1. The method is characterized in that when music is used for playing songs, the current user emotion is identified through electroencephalogram signals and classified, song classification matched with the emotion classification is searched according to the emotion classification of the user, one song is automatically selected from the song classification as a playing song, and meanwhile, the next suitable playing song is automatically generated based on the real-time emotion dynamic change condition reflected by electroencephalogram data.

2. The automatic music switching method according to claim 1, wherein an Emotiv Epoc + wireless Bluetooth electroencephalograph is used for acquiring electroencephalogram signals.

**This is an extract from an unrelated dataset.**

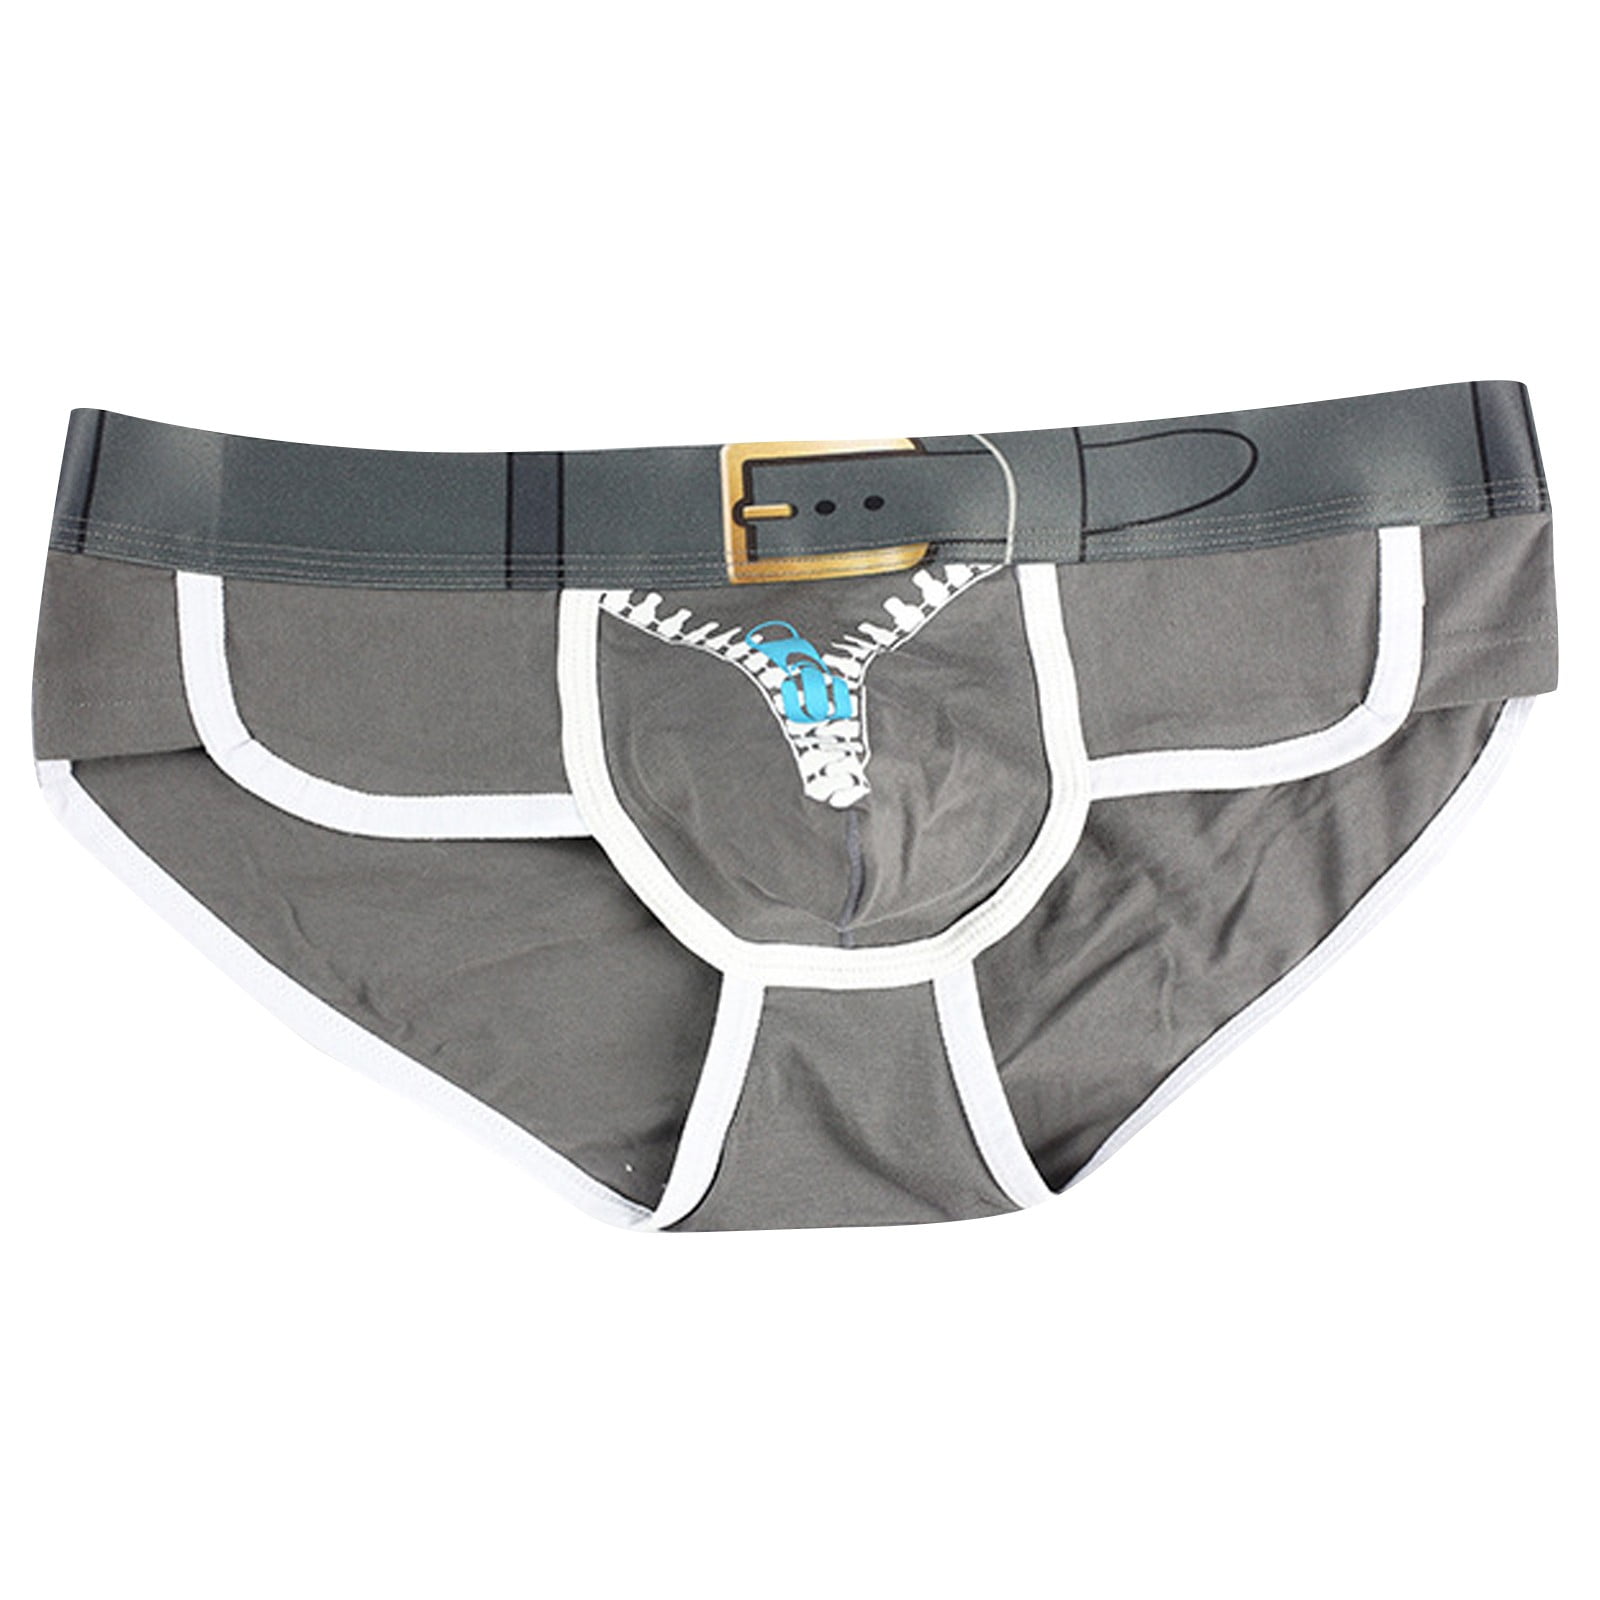 Official Mens San Diego Padres Underwear, Lingerie, Padres Mens Boxers,  Panties, Thongs, Bras

3. The automatic music switching method according to claim 2, wherein a plurality of health testers who have not received any professional music training keep high concentration in a quiet state, acquire electroencephalogram data of the testers while playing songs, and after the songs are played, make the testers evaluate emotion categories of the played songs; the emotion classification evaluation refers to subjective scoring of 1-9 points on two dimensions of positive and negative valence and high and low arousal degree respectively; several songs of different types were selected to repeat the aforementioned test.

4. The automatic music switching method according to claim 3, wherein the emotion classification based on the electroencephalogram signal is realized by constructing an electroencephalogram-emotion classification model, and the construction of the electroencephalogram-emotion classification model comprises the following steps:

step A1, collecting electroencephalogram signals and preprocessing the electroencephalogram signals;

a2, extracting characteristic information of the electroencephalogram signals to form a characteristic matrix;

step A3, performing feature fusion on the feature matrix to realize dimension reduction processing;

step A4, using an SVM classifier for the classification model, performing model training by using a training set, and obtaining a trained classification model through cross validation;

and step A5, matching the trained classification model with the emotion scale to obtain the electroencephalogram-emotion classification model.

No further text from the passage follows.